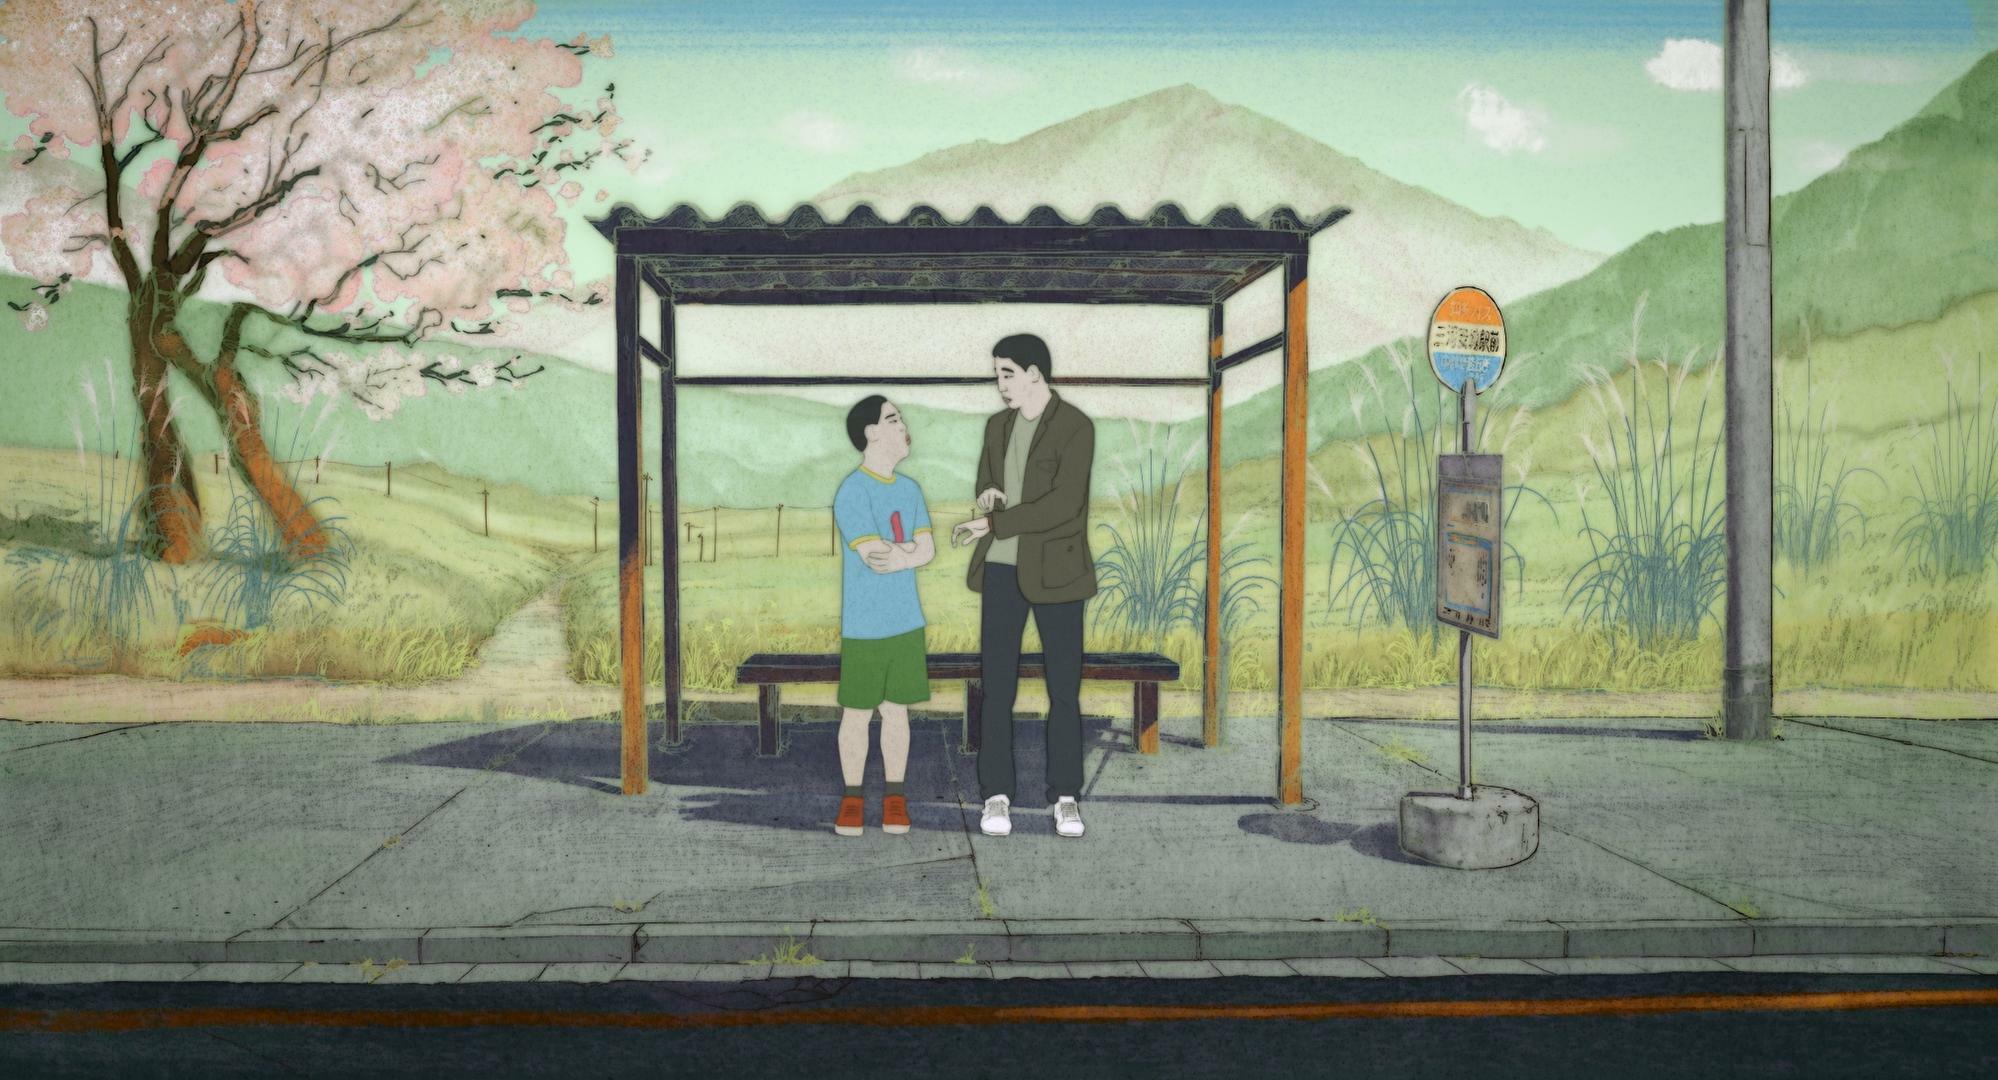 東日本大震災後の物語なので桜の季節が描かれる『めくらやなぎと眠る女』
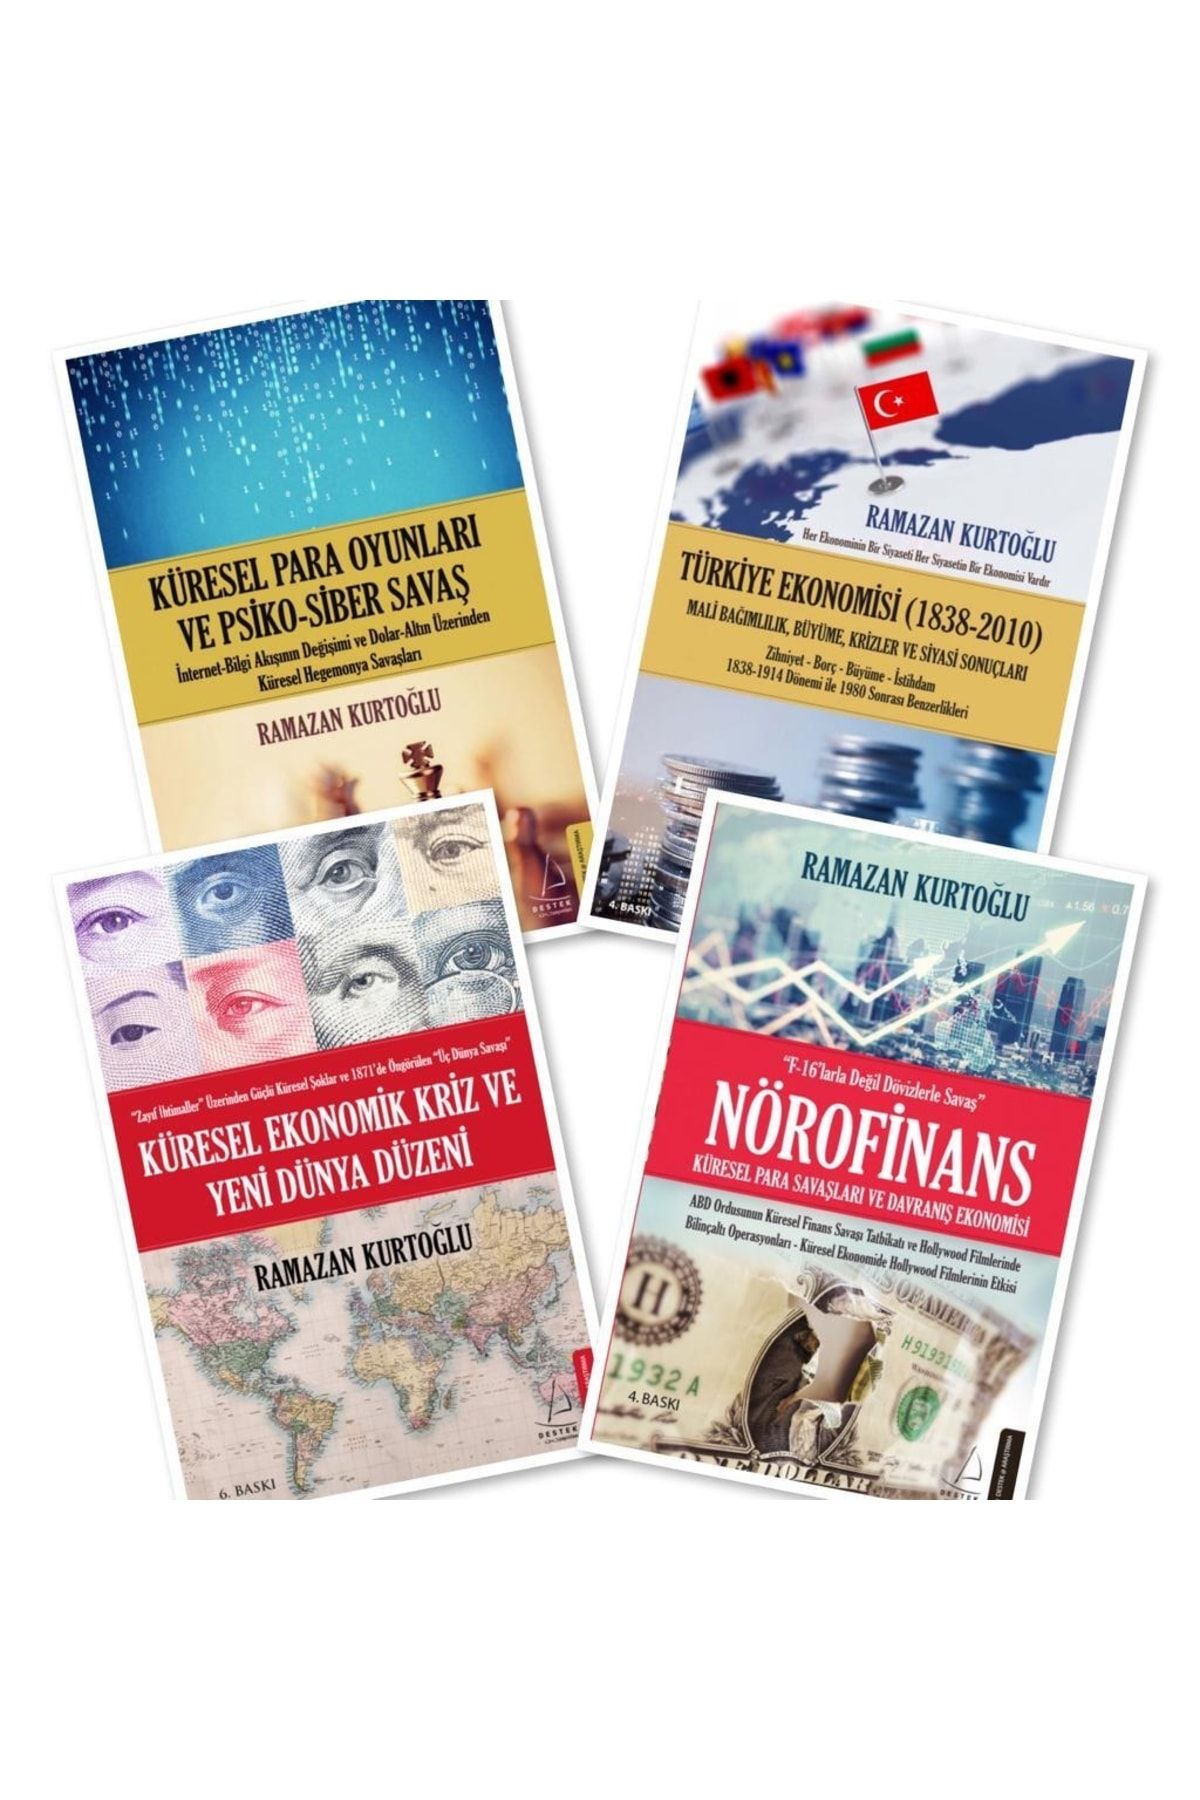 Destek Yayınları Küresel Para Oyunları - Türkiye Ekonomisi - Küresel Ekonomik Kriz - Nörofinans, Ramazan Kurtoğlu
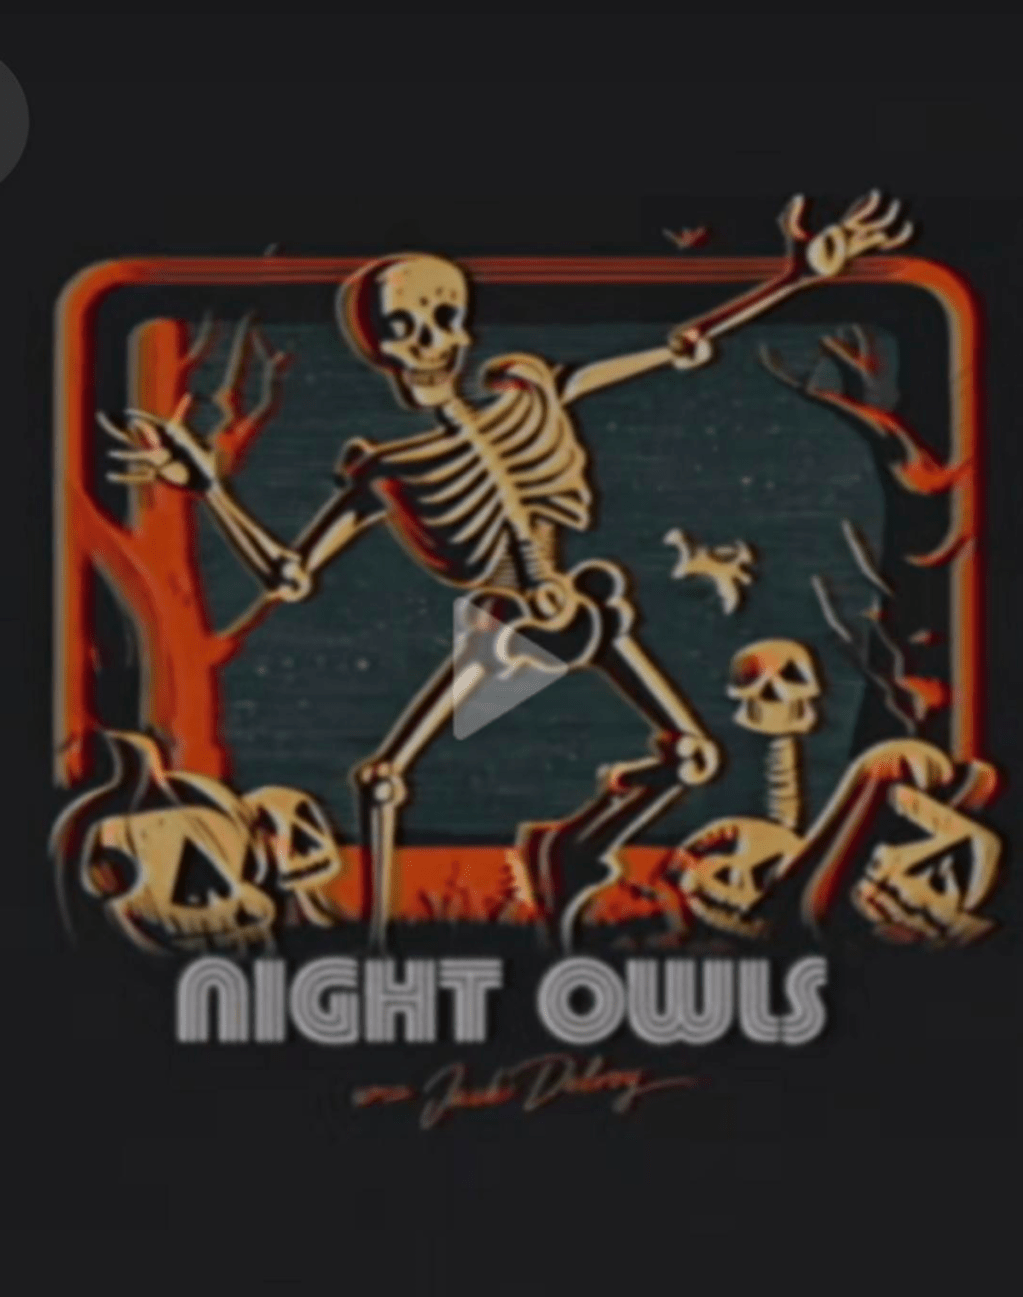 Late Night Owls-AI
******************************
Write out exactly, with no pictures, each line from the one containing "Destek Yayınları Küresel" through the last line of the listing above, both included.

 Destek Yayınları Küresel Para Oyunları - Türkiye Ekonomisi - Küresel Ekonomik Kriz - Nörofinans, Ramazan Kurtoğlu
 Late Night Owls-AI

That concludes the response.